September 7th 2012 was the last day we saw each other and said I love you. September 8th Erik went missing... He didn't return any of my calls from work, no reply to texts, and when I got home I found only his things laid out on his desk. No Erik. No more Erik....
September 9 2012 is when they found him dead. His body was found in the pond behind our home by the rowers who were lining up at the starting gates for the School Boy race.
Complete shock. Disbelief. Fear. That was the day my world ended. Now, every September, I relive the most horrific days of my life!

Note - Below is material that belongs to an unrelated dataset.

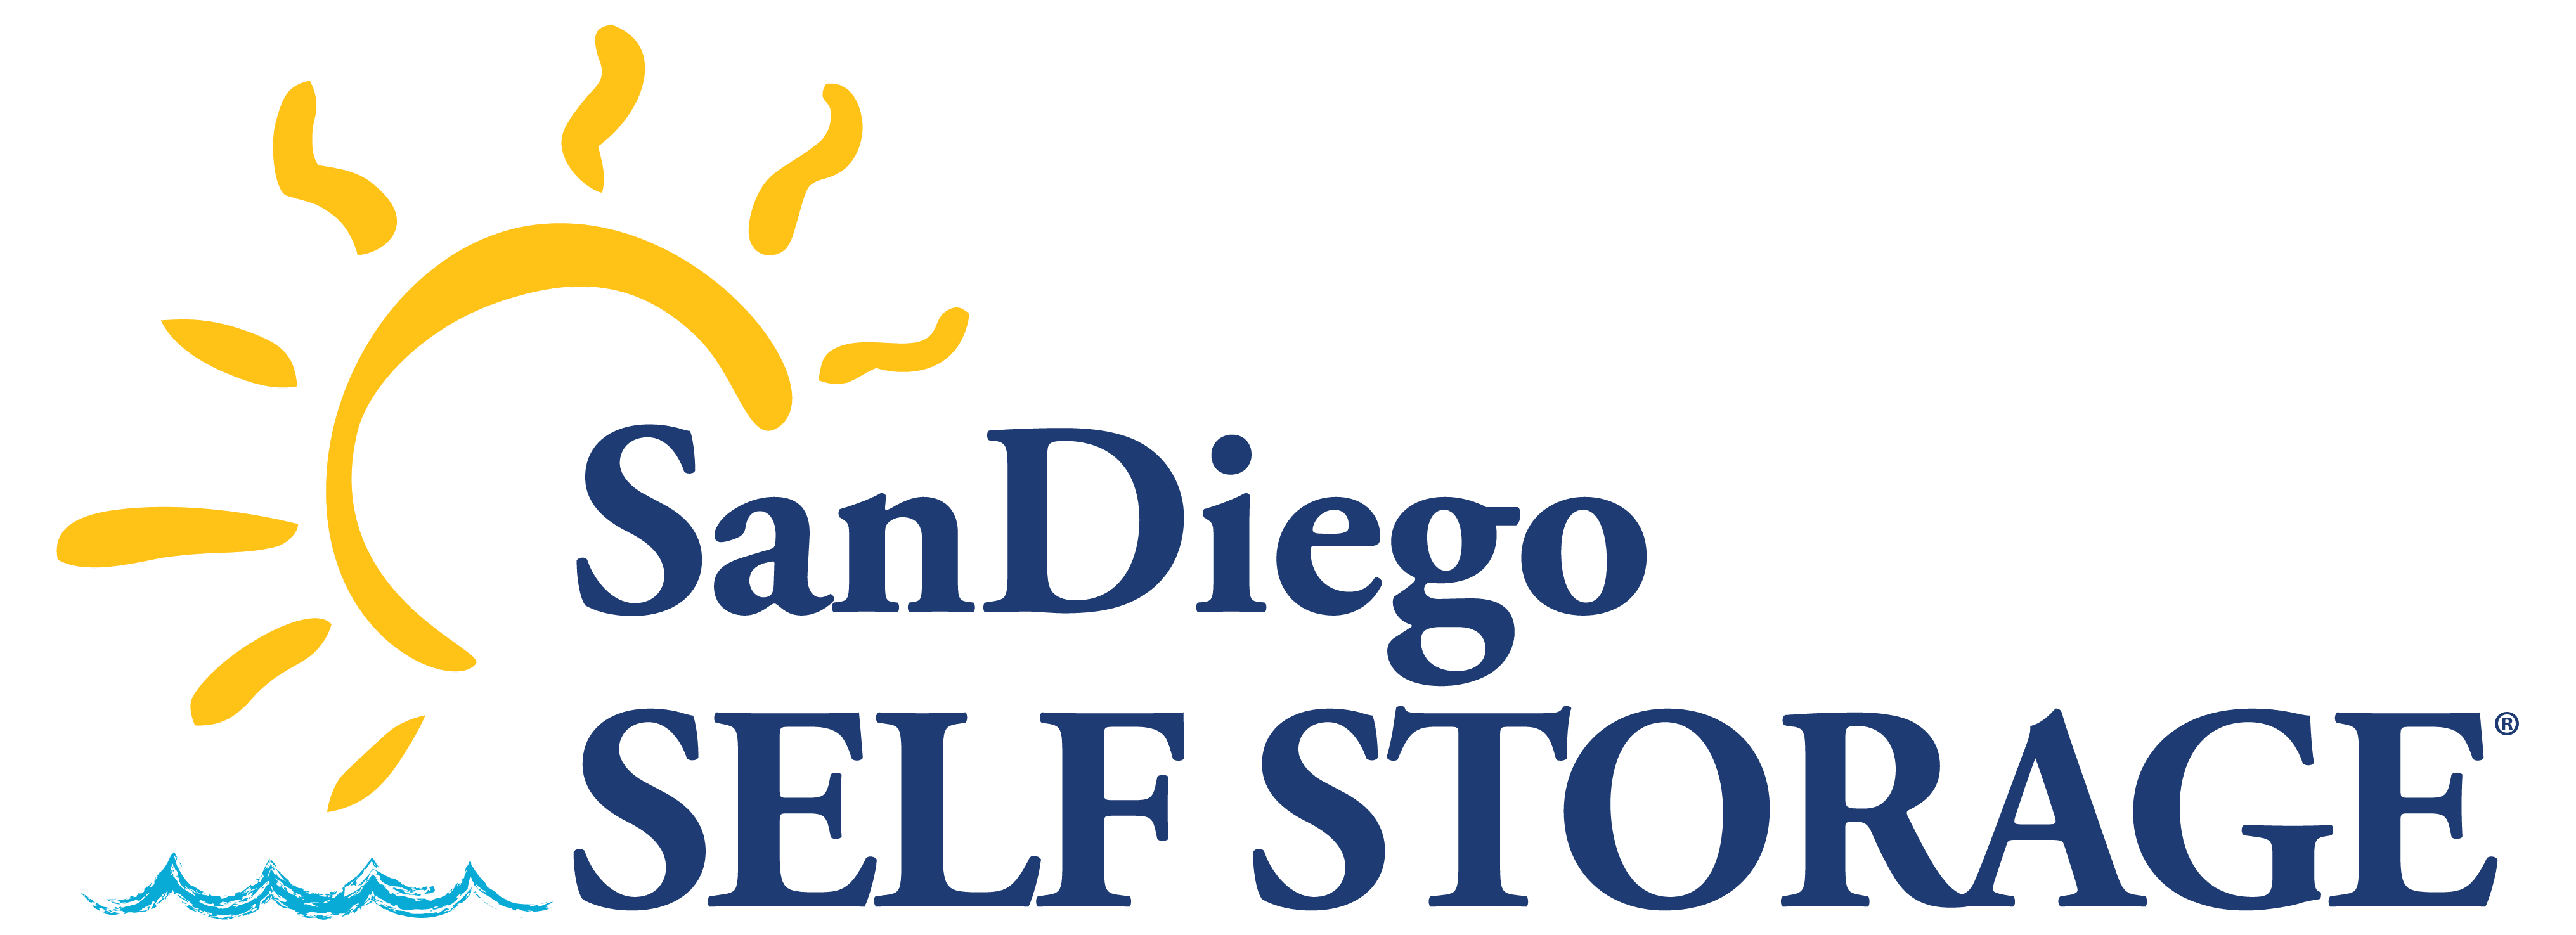 San Diego Self Storage

Seeing him there, dead, at the funeral home, is forever burned in my mind. How could he do this!?!? Why would he do this!? No note. No answers. No clue he didn't want to live anymore. He made plans for that weekend and a retreat for the two of us planned for the next... He was making plans with our couple friends to invite them for dinner! Then the switch went off and he decided he didn't want to be here anymore. Just like that! And drowning!?!?! Who drowns them self? How does one even do that unless they REALLY REALLY want to die! How on earth do you bypass the very instinctive mechanism to come up for air??? wtf..... :'( A million questions that will never be answered on top of all the pain I'm left with and a shattered heart.
Why baby? Why......... :'(
It'll be 2 years this September 8th and I still wait for him to walk through the door... I wish this was all just a horrific nightmare.
I miss the thoughts that design and build your mind
I miss the way you hold me close like vines
I miss you all the time - USS
Peace, care for yourself. Blossom x
If nothing else, give refuge to those in need.